Auckland University of Technology’s Textile and Design Lab was established in 2006 to cater for students, researchers and commercial partners to help them convert their ideas into tangible textile outputs.  Initially, the lab invested in Shima Seiki flat bed knitting technology and digital textile printing, and whilst acquiring additional knitting and printing resources over subsequent years, it has also added needle felting and weaving to its portfolio.  ‘A weaving loom was on our wish list for some time’, says manager, Peter Heslop. ‘Funding was made available to the lab a few years’ ago but finding the right loom option for us was the tricky bit’, he adds.  After numerous communications with Tronrud Engineering’s Vibeke Vestby and discussions with other educational and research institutes around the world, the lab opted for a TC2 loom that offered complex design capability, require minimal maintenance and would be relatively easy to operate.

THE PEOPLE…

The loom was commissioned in January 2020 with the aid of Vibeke and local handweaver, Agnes Hauptli, who continues to share her vast knowledge of weaving with the lab’s staff.  PhD student, Mitali Nautiyal, who studied textiles before moving to New Zealand in 2019, has since taken ‘ownership’ of the loom, which has been put to continuous use for some of the lab’s research partners and postgraduate students, as well as running several weaving workshops. ‘We have had workshop participants from as far afield as Canberra in Australia as well as the South Island of New Zealand’, says Heslop. The workshops are normally run over two days; the first covers weaving theory and design, including the use of Adobe Photoshop functions applicable to the TC2 loom.  The second day is a practical hands-on session for participants to weave their own designs under the supervision of Mitali. Participants then have the option to book additional time on the loom to further develop their ideas.  Full details of our workshop programme can be viewed here.

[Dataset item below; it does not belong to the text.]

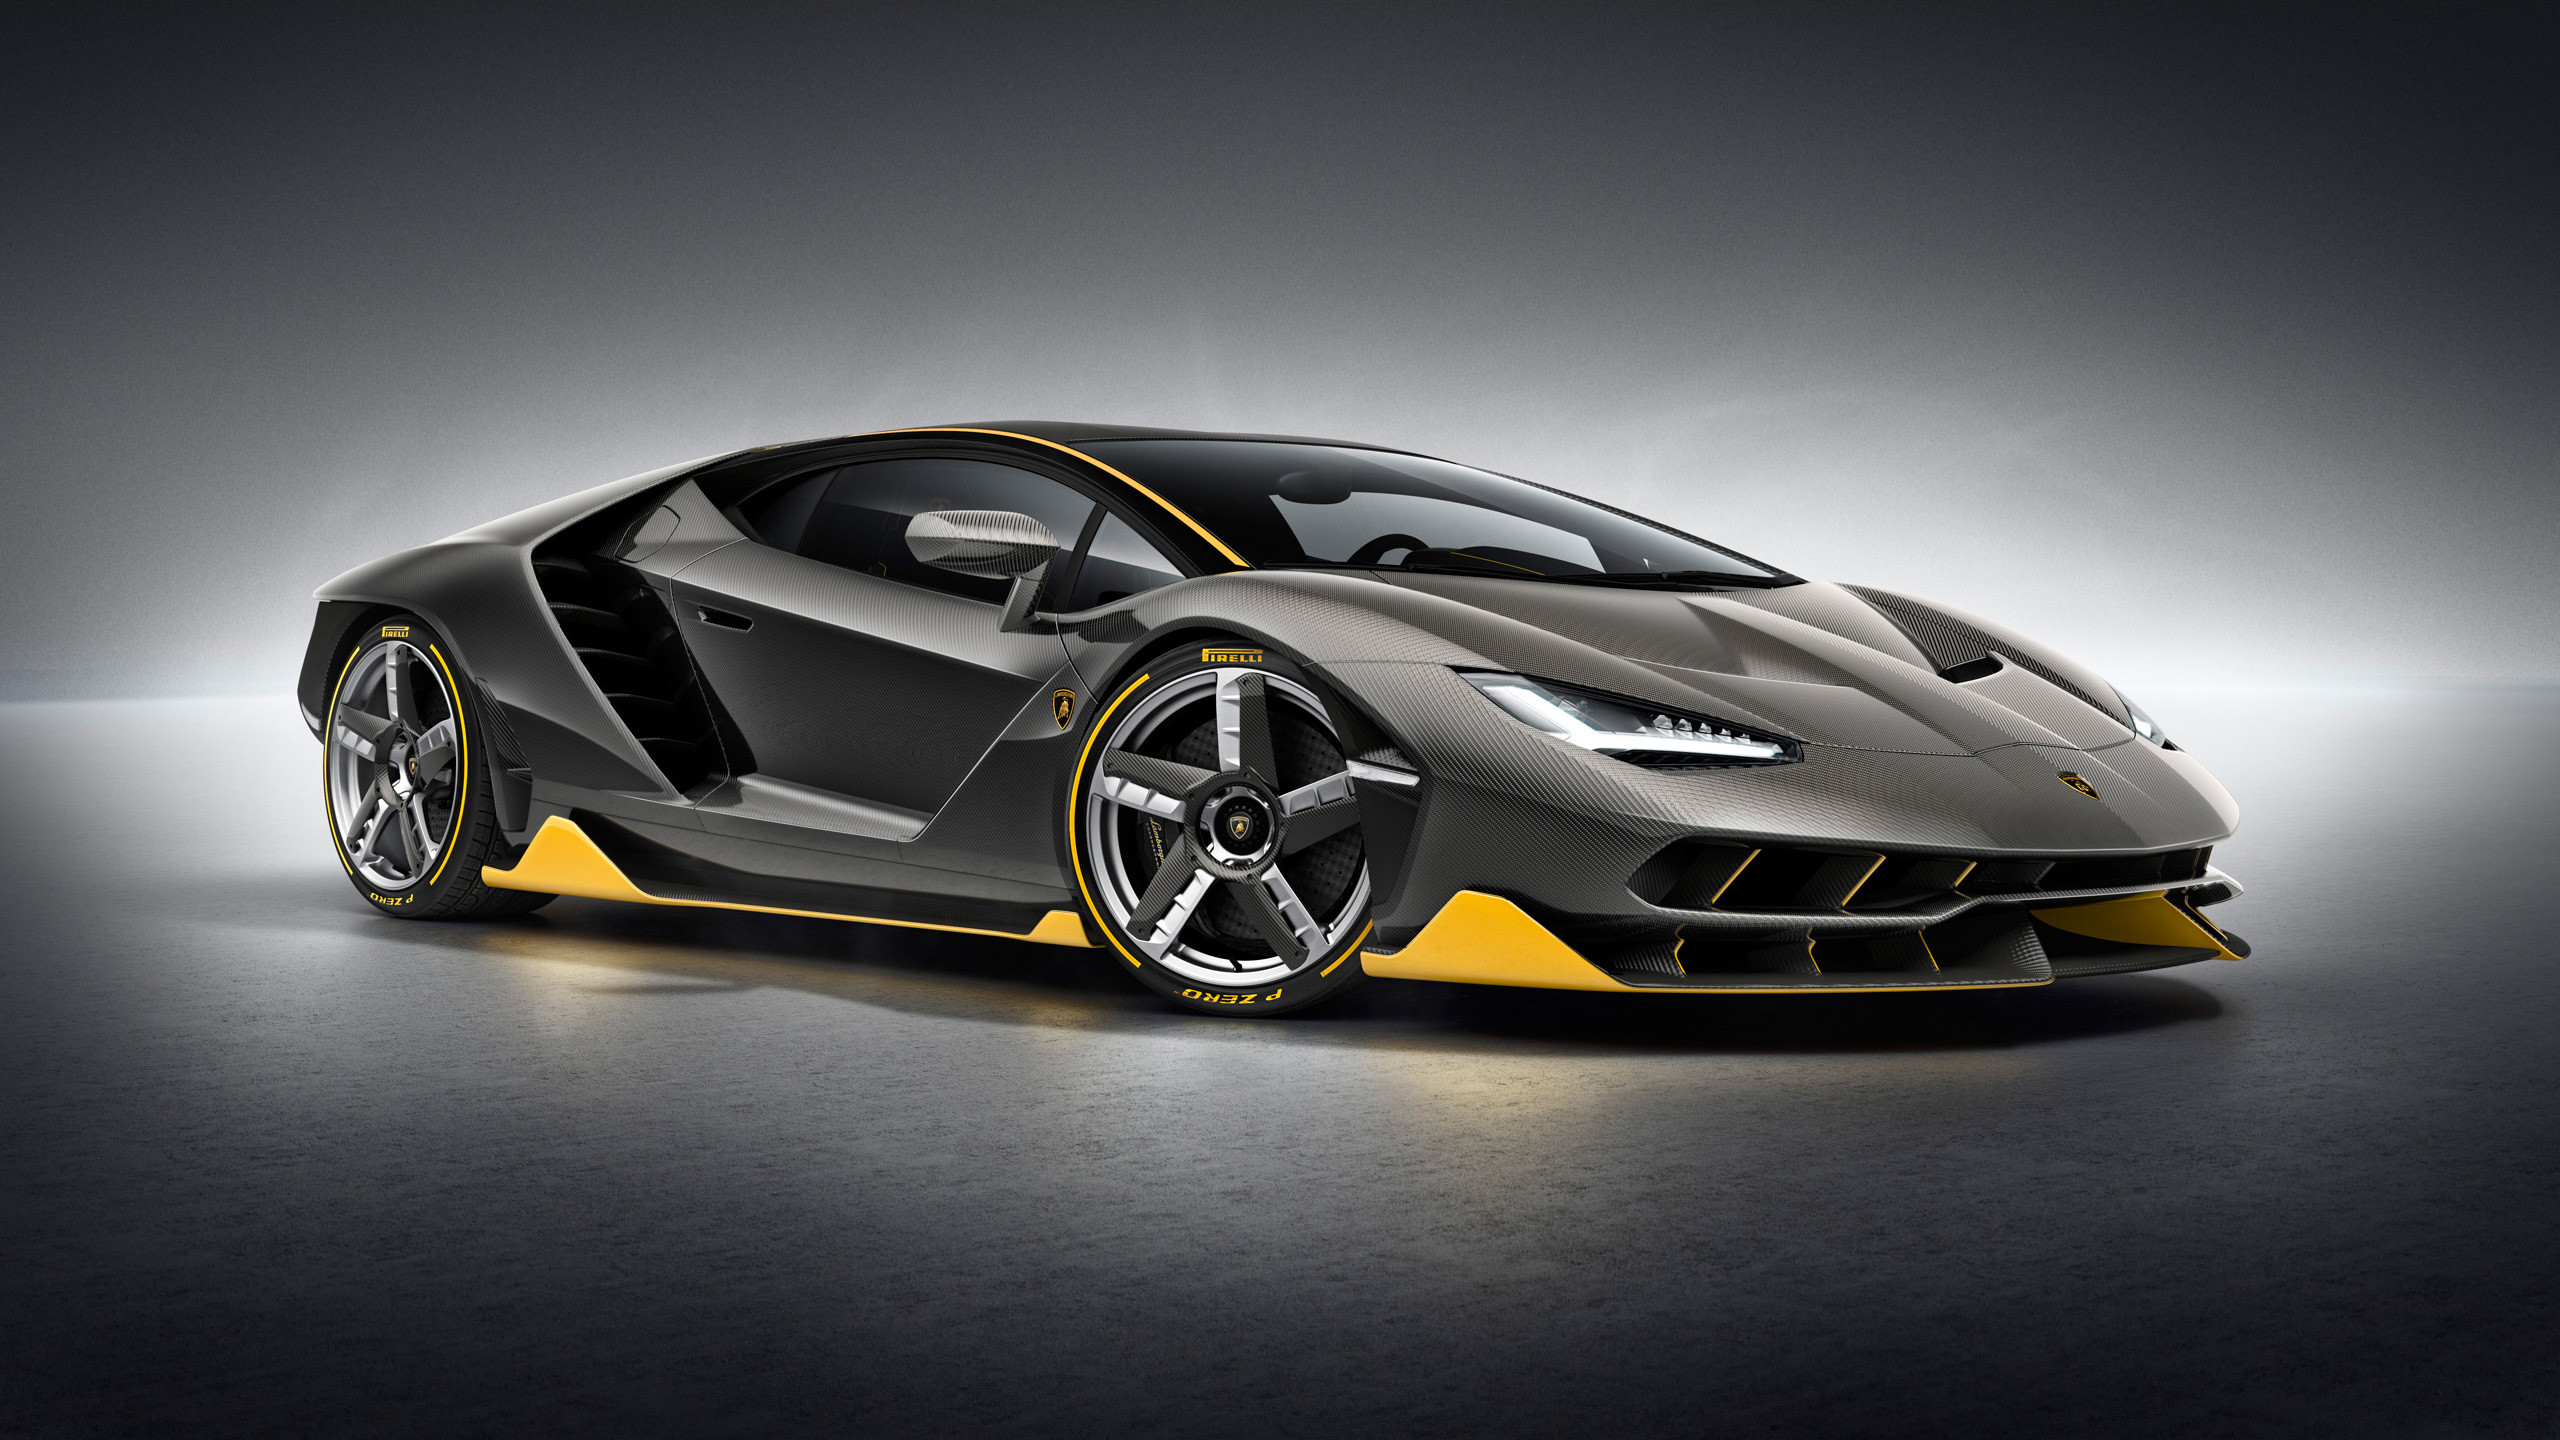 2560x1440 Lamborghini Gallardo Wallpaper HD

Workshop presenter Mitali Nautiyal (left) with participants Liz Perry (centre) and Kathryn Stewart (right)

THE PROJECTS…

‘The TC2 loom is easy to operate, and it is compatible with both natural and synthetic fibres’, says Nautiyal.  ‘The lab has been providing consultancy to emerging designers and research organisations, which has resulted in a slew of new products ranging from the use of robust Romney wool to the most delicate and luxurious modified fine wool’ she adds.

Weaving workshop participants Vivienne Stone (left) and Leona Wang (right)

PhD student, Leona Wang, has recognized the growing demand for smart textiles and has been using the loom to experiment with ways to combine technology into woven textile materials.  The lab has also been developing fabrics for a commercial research partner using innovative wool yarns in various structures so the performance of these woven materials can be evaluated.

Prototype smart woven fabric by PhD student, Leona Wang

The addition of the TC2 loom has created numerous new opportunities for the university’s research students and commercial partners alike.  ‘We’re now looking forward to optimising the use of the loom without the inconvenience of sporadic lockdowns that we have had to endure since commissioning the loom last year’, says Heslop.